A closer look at section 29 of the FIC Act

In an earlier article on the Financial Intelligence Centre Act (FICA), we explained that the main objective of the Act is to combat money laundering and the financing of terrorist activities. In this article, we’ll continue the discussion in terms of the duty of accountable institutions to report suspicious transactions to the Finance Intelligence Centre (FIC).

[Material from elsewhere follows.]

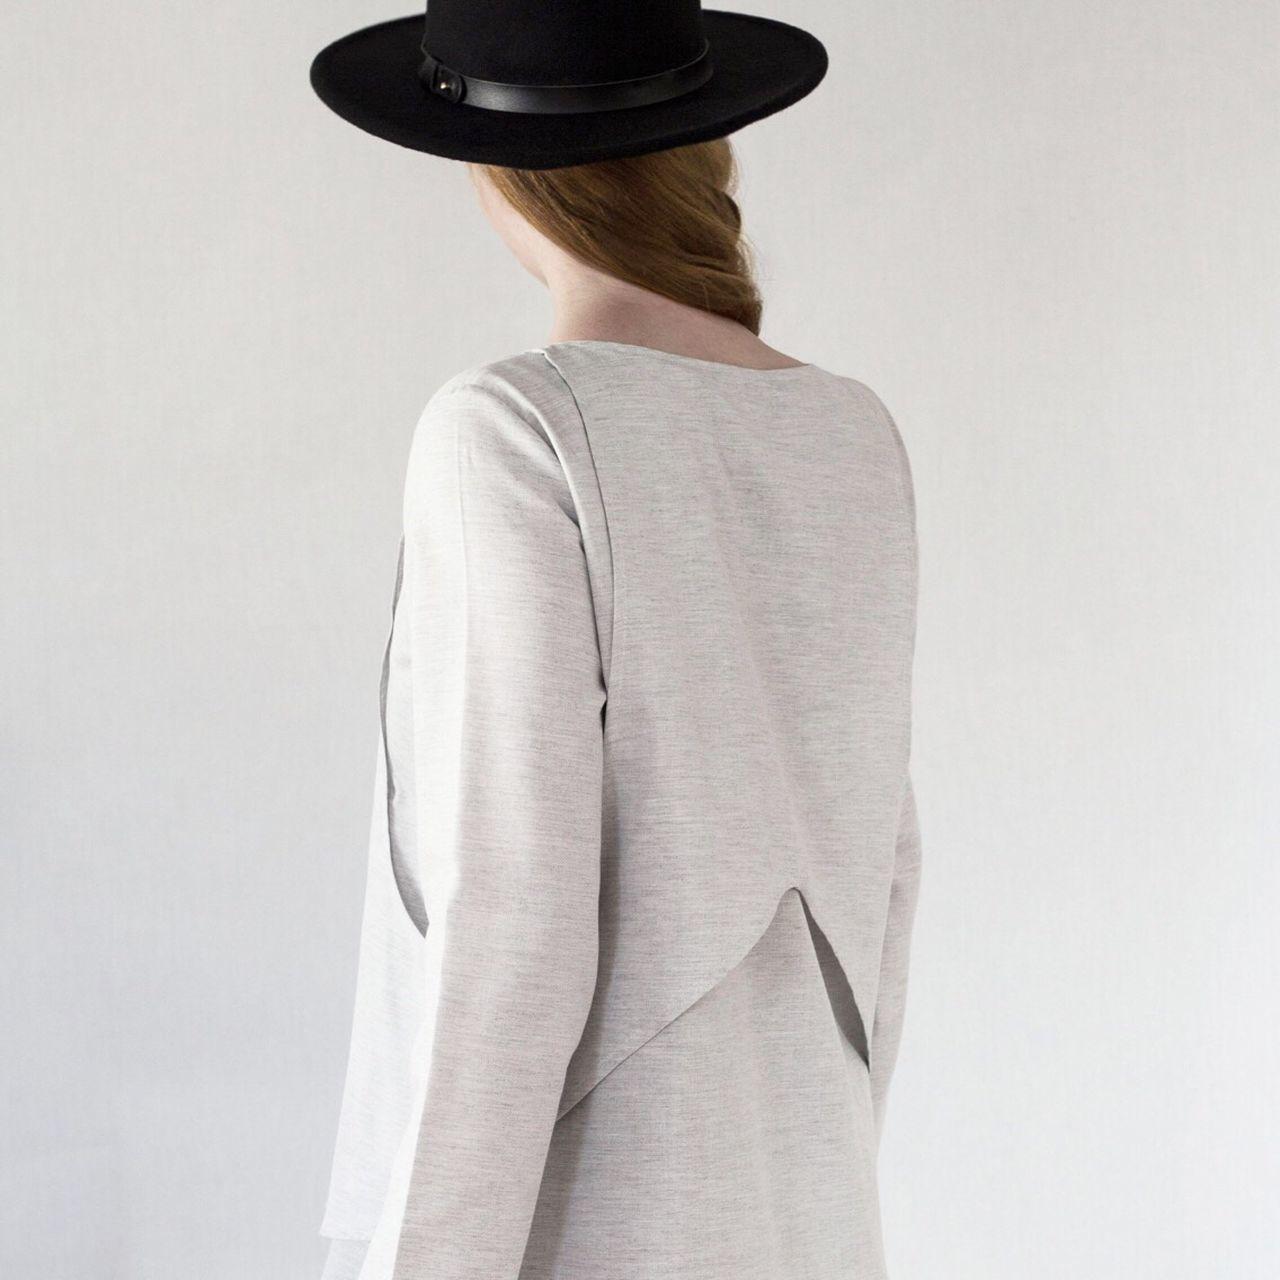 Fashion Editorial  Slowfashion Design SPAIN Contemporary Moody Girl Studio Shot Product EyeEm Best Shots EyeEm Gallery

The process to approval for extending a Sectional Title Units

What does the Act stipulate?

Section 29 of the Act outlines that accountable institutions are obligated to report unusual transactions to the FIC. The onus to report these suspicious or unusual activities is placed on any person who carries on, is in charge, manages or is employed by a business. In terms of the Act, the term “business” is interpreted broadly and is deemed to be any person associated with a commercial undertaking as an owner, manager or employee. It’s therefore evident that the obligation to report in terms of section 29 applies to a broad group of people. 

When does this obligation apply?

According to the Act, the obligation applies when “a person becomes aware of something or circumstances arise in which a person can be reasonably expected to be aware or reasonably expected to suspect something”.[1] The “something” relates to where the business has: 

  • received funds stemming from unlawful activities
  • received property that is linked to an offence of terrorist financing
  • been used for money laundering purposes
  • been used to assist an offence being committed that relates to money laundering or terrorist financing.[2]

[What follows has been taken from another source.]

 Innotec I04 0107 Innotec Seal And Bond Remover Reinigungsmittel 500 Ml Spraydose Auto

The onus to report extends beyond a person having actual knowledge of unlawful activity to when a person “[suspects] but cannot prove”.[3] The onus will thus arise when, for example, there are unexplained international transfers received from a client or where deposits are made with the immediate request to transfer the funds elsewhere. FICA has provided a guidance note to accountable institutions to assist them in identifying suspicious or unusual transactions. This note can be found on the FIC website.

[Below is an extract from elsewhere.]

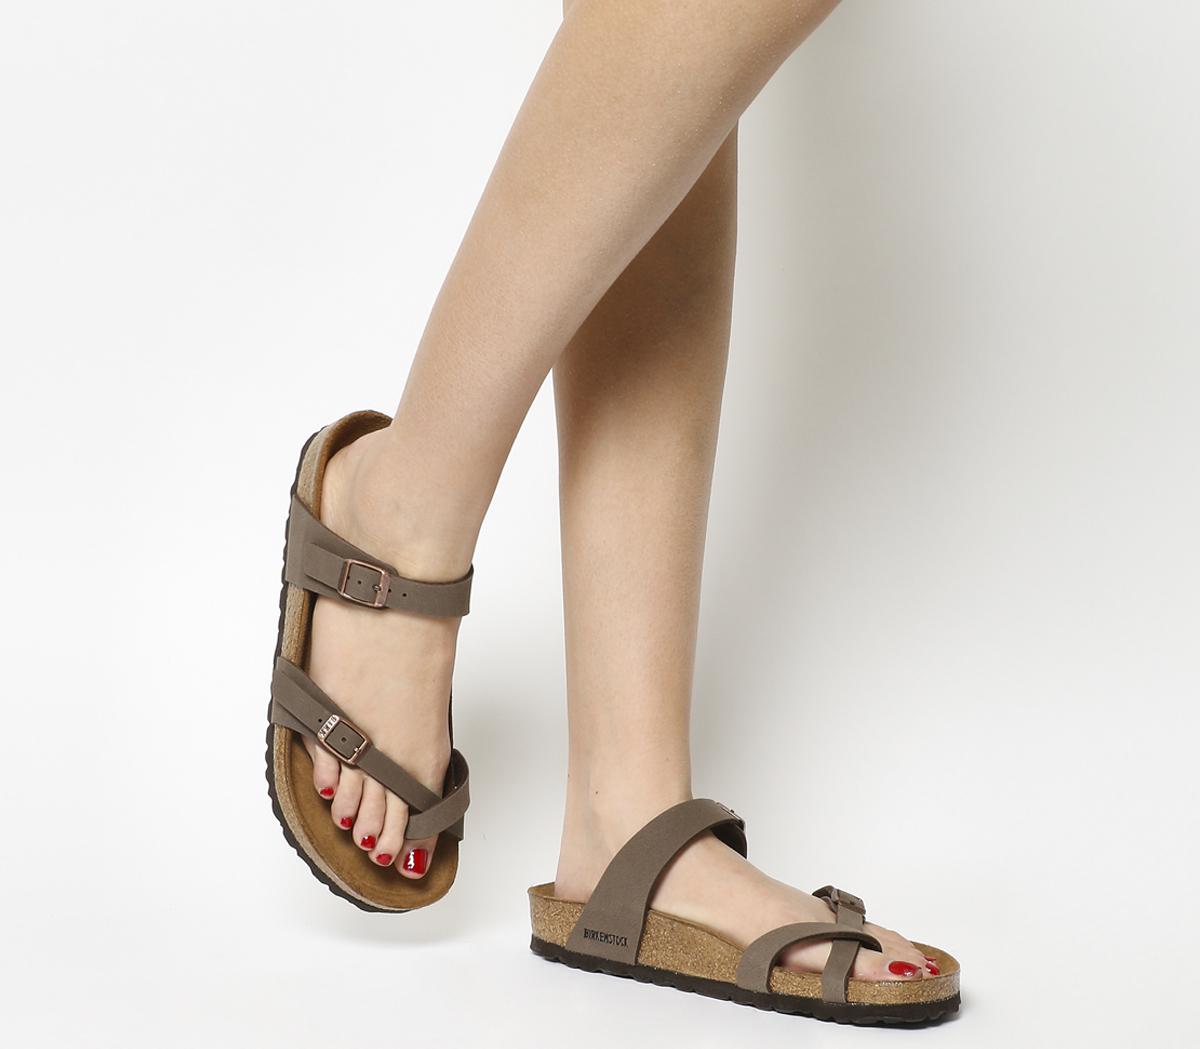 a8ec6ebaae18 Sentinel Womens Birkenstock Mayari Cross Strap Sandals MOCHA Sandals

The onus arises despite the monetary value of the transaction. It’s also important to note that the relevant party may not be notified that the suspicious or unusual activity has been reported to the FIC. 

[1] Financial Intelligence Centre Guidance Note 4 on Suspicious Transactions Reporting paragraph 2.1 

[2] Financial Intelligence Centre Guidance Note 4 on Suspicious Transactions Reporting paragraph 2.3

[3] Shabaan Bin Hussein and Others v Chnong Fook Kam and Other [1970] AC 942 (PC) ([1969] 3 ALL ER 1627) 948B.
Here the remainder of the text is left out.